Era uma manhã de terça-feira. Estava a caminho do trabalho, em uma movimentada rua do Rio de Janeiro. A cidade em obras, um fluxo intenso de carros passava por aquela avenida tão tumultuada. Pessoas com pressa, pessoas mal-humoradas, pessoas individualistas. Eu estava pensando nos meus problemas, nos dilemas que fazem parte da vida de qualquer ser humano. Mas, em especial, uma coisa me incomodava. Na noite anterior, havia recebido o aviso prévio no meu emprego. Estava demitido...
Uma cena, porém, me chama atenção. No meio de tantos arranha-céus e tantas construções por terminar, vejo uma cadela atravessando a rua, em meio a carros em alta velocidade. E mais, ela estava acompanhada de cinco filhotinhos, que a seguiam, atordoados com tanto barulho e movimento.

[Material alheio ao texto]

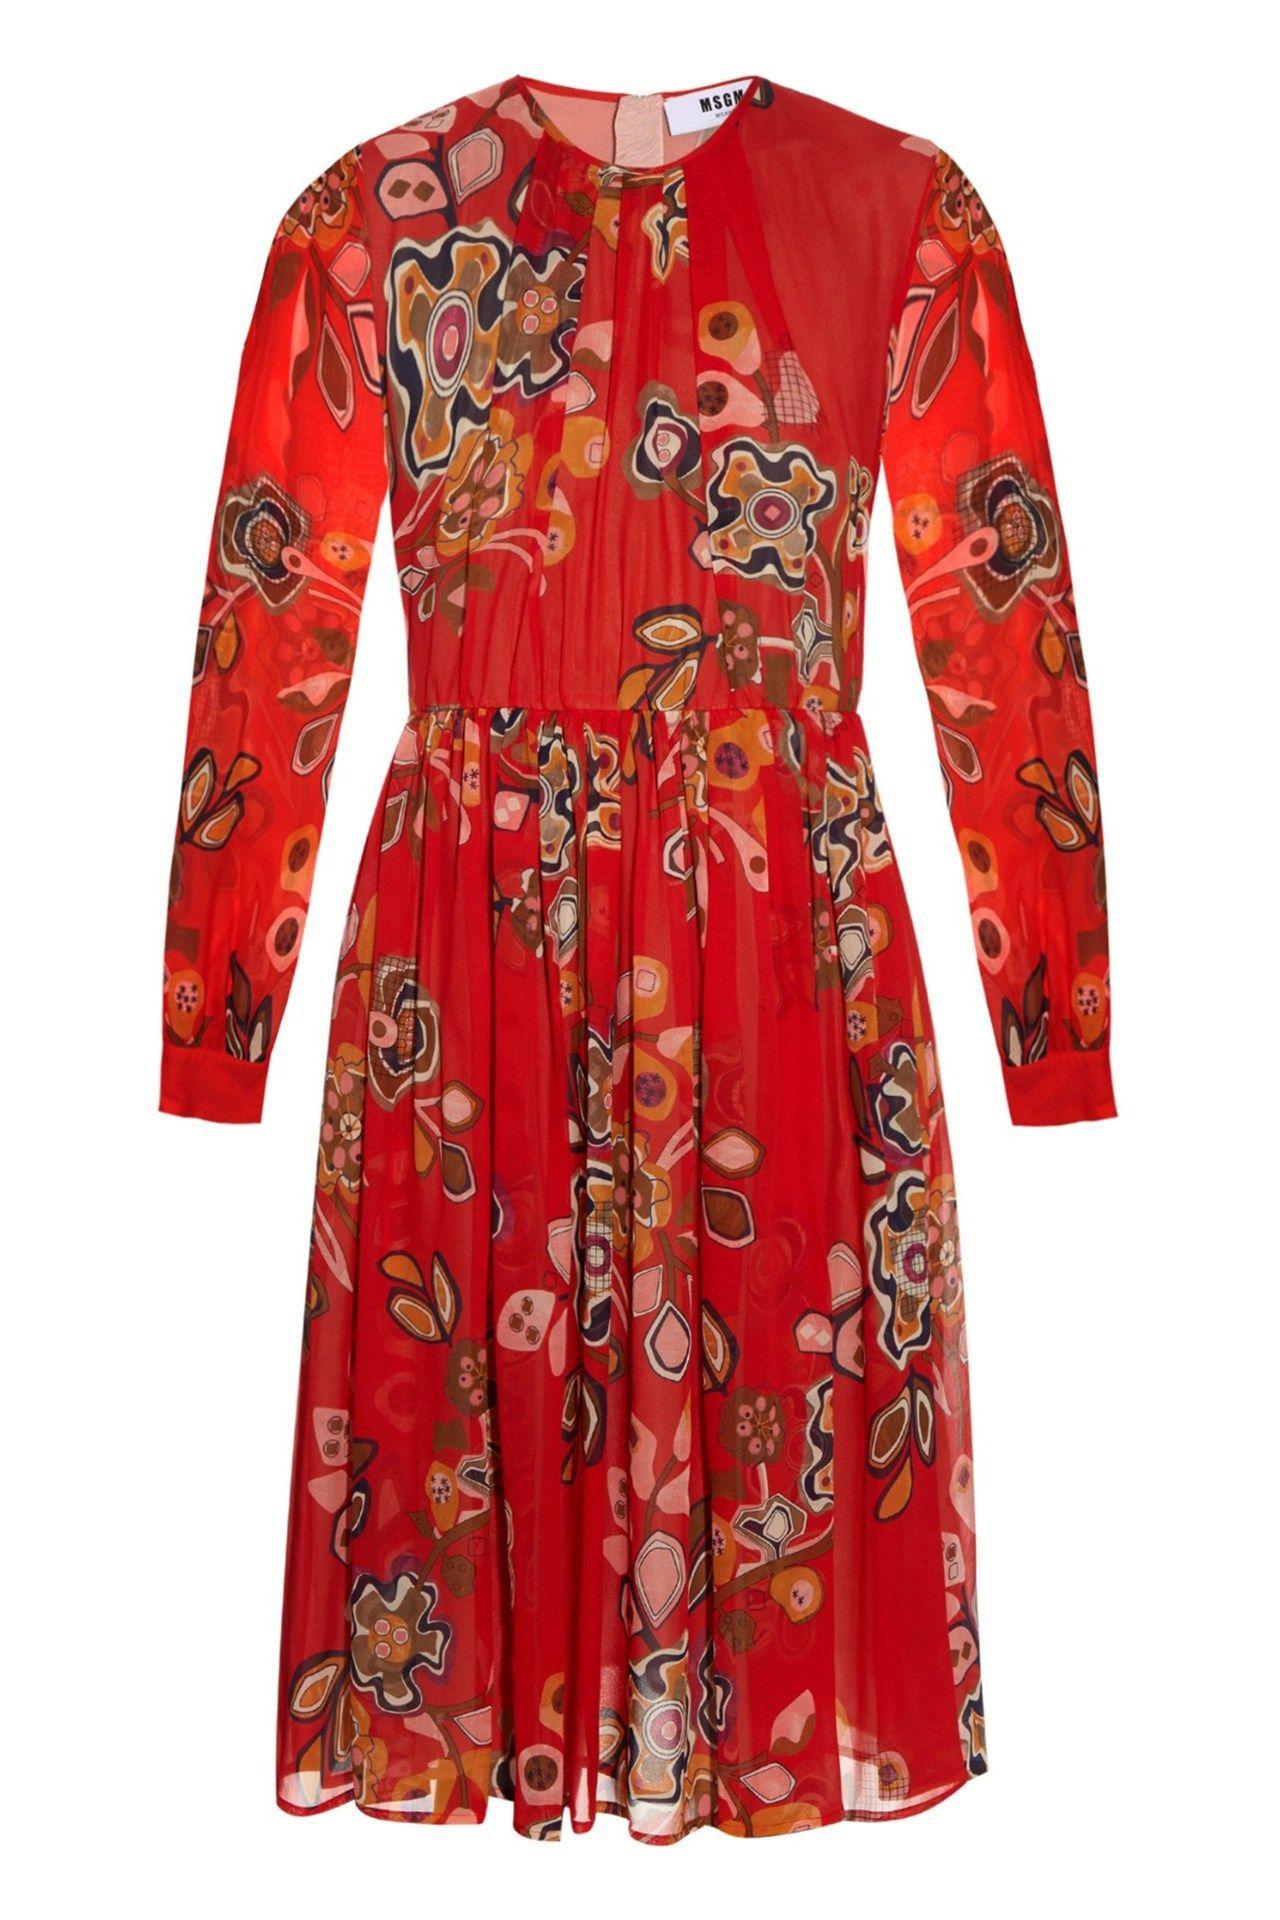 Buy Now: 10 Floral Dresses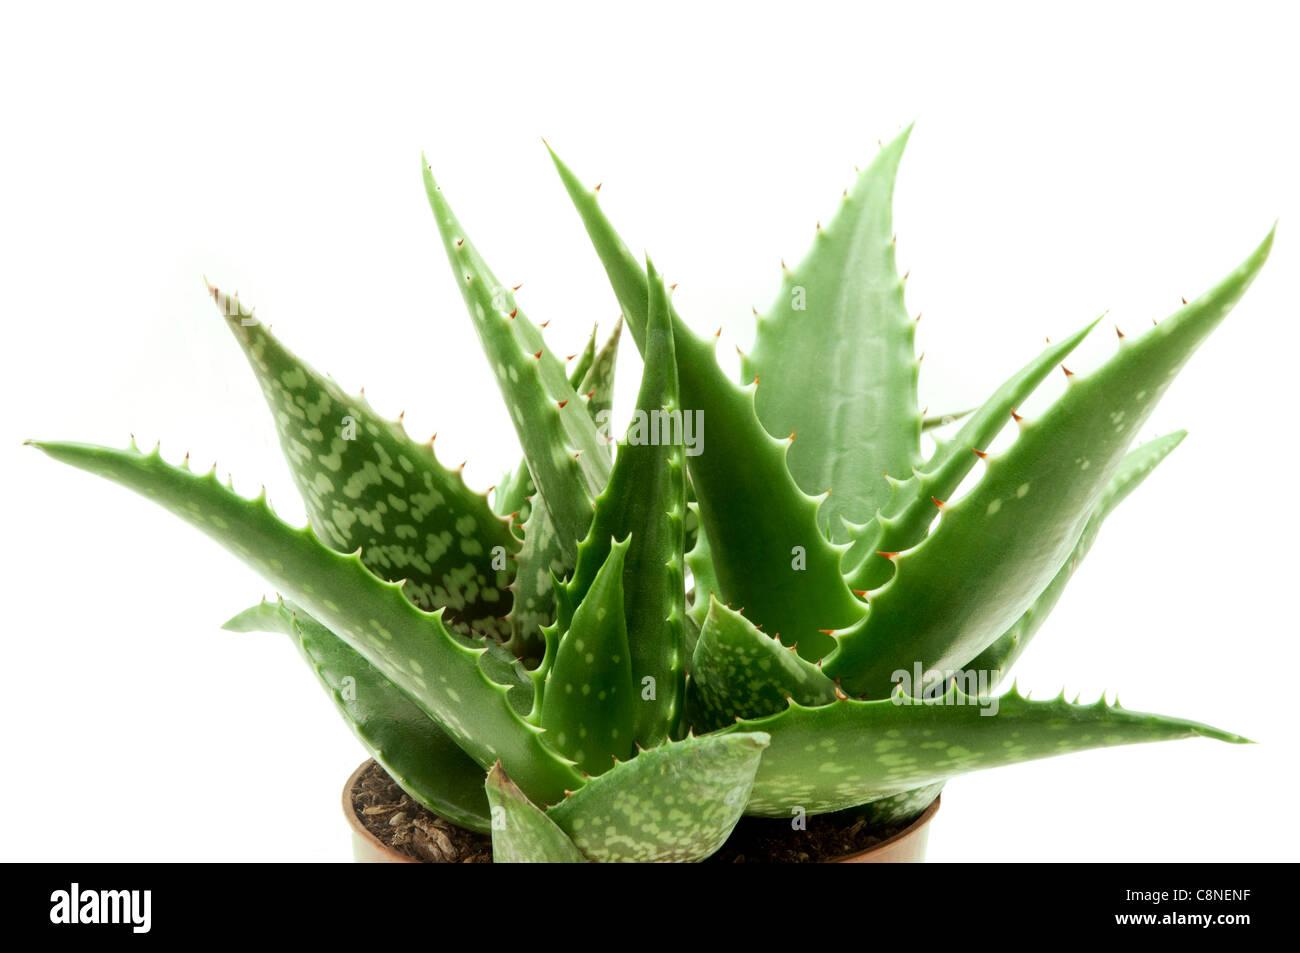 Aloe vera var. chinensis on a white background - Stock Image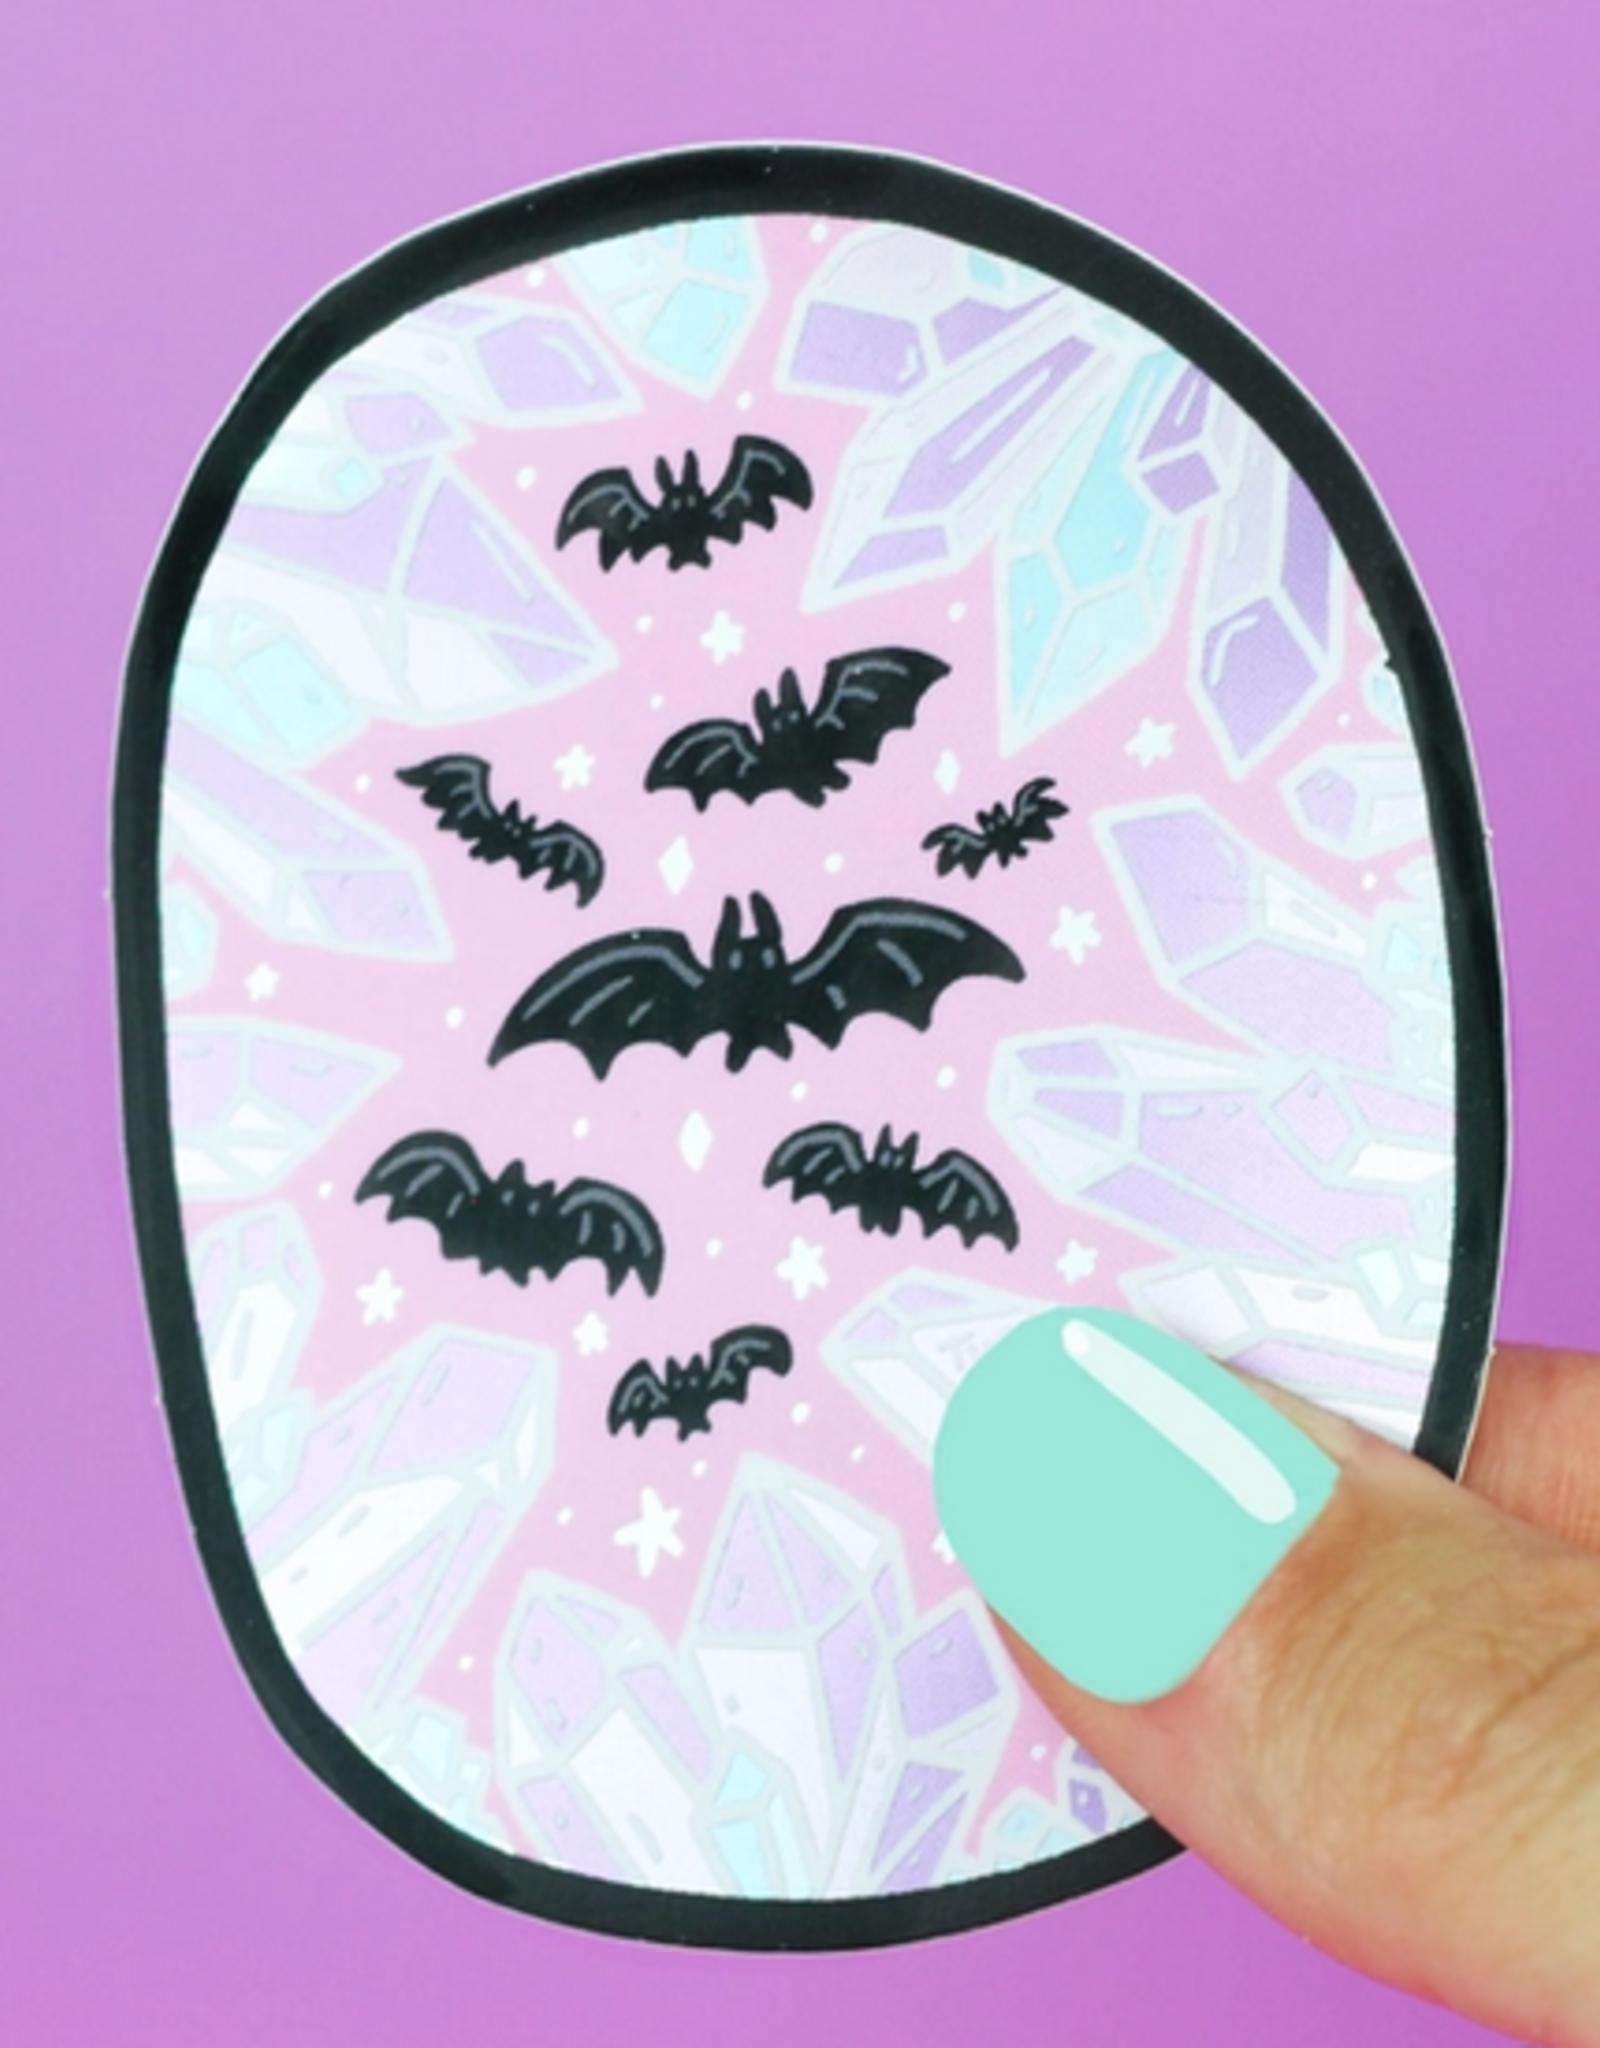 Turtle's Soup Crystal Cave Bats Vinyl Sticker (Holographic)

Aqueles cachorrinhos estavam tão aflitos que pareciam não se mover. A sua mãe, uma cadela bonita e forte, atravessava a rua sem problemas, mas voltava seguidas vezes para buscar seus filhotes. Aqueles poucos segundos pareciam uma eternidade para aquelas criaturinhas, esmagadas de um lado e de outro pelos carros que passavam buzinando.
Em meio a aquilo tudo estava eu. Distraído com o trânsito, eu estava pensando nas várias tarefas que deveriam ser feitas naquele dia, sem atrasos. Sem perceber, cheguei perto demais daqueles cachorrinhos, que se assustaram com o meu carro. Imediatamente, liguei as luzes de alerta, e freiei o carro, tomando cuidado para não causar um acidente. E foi aí que a confusão começou...
O carro que vinha atrás, um outro motorista apressado, começa a buzinar e a piscar os faróis em minha direção. O barulho causava ainda mais medo nos cães, que latiam bem baixinho, pedindo por socorro. Aos poucos, eles foram se afastando da mãe, e se colocavam em pior situação ainda. Como não sabia o que fazer, saí do carro para tentar ajudar. O motorista de trás continua buzinando, e quando vê que saí do carro, tira o cinto de segurança, mostrando intenção de querer sair do carro também. Algumas palavras ininteligíveis saíram de sua boca, e sua face foi tomada por uma expressão de ódio e violência. Ele saiu do carro querendo tomar satistações comigo, procurando saber o porquê de eu estar atrapalhando todo o trânsito do local.
Mas, não me dirigi a ele. Naquele momento, me dirigi aos cachorrinhos que atravessavam a rua. Quando o outro motorista viu que não me dirigia a ele, não estava querendo brigar, ele recuou. Só neste momento foi que ele viu o verdadeiro motivo da minha parada. E, então, acenou com a mão para mim, como que pedindo desculpas.
Depois que os cachorrinhos estavam em segurança, eu voltei ao carro, e pude, finalmente sair com o carro. Abri passagem para os carros atras de mim, ainda tentando ser gentil. Alguns segundos depois, o outro motorista passa por mim, e acena com a mão. Abaixa o vidro, e pede desculpas: "Eu não sabia o que estava acontecendo, não vi a cena completa. Perdão..."
Aquele episódio despertou algo em mim. Algo me dizia que o que eu estava vivendo era apenas uma parte da cena. Assim como aquele motorista reclamava, porque não conseguia ver o motivo de aquilo tudo estar acontecendo, eu também reclamava sem saber o que fazer nos próximos dias. A minha vida era muito mais do que aquela cena confusa no trabalho. Havia ainda muito mais para perceber.
Pensei no meu filho. Aquele ser que tinha me trazido tanta alegria, e que dependia de mim para fazer tudo. Pensei na minha esposa, mulher adorável que fazia os meus dias tão alegres e cheios de vida. Pensei na minha família, amigos, irmãos...
Fui para o trabalho mais confiante aquele dia. Percebi que minha vida era muito diferente daquela que a situação estava me mostrando. E, logo chegou a boa notícia: uma proposta de emprego, muito melhor que aquele que eu havia acabado de perder.
Decidi não buzinar mais quando um quadro confuso é pintado à minha frente. Decidi esperar para ver a cena completa. Ela é sempre melhor do que parece.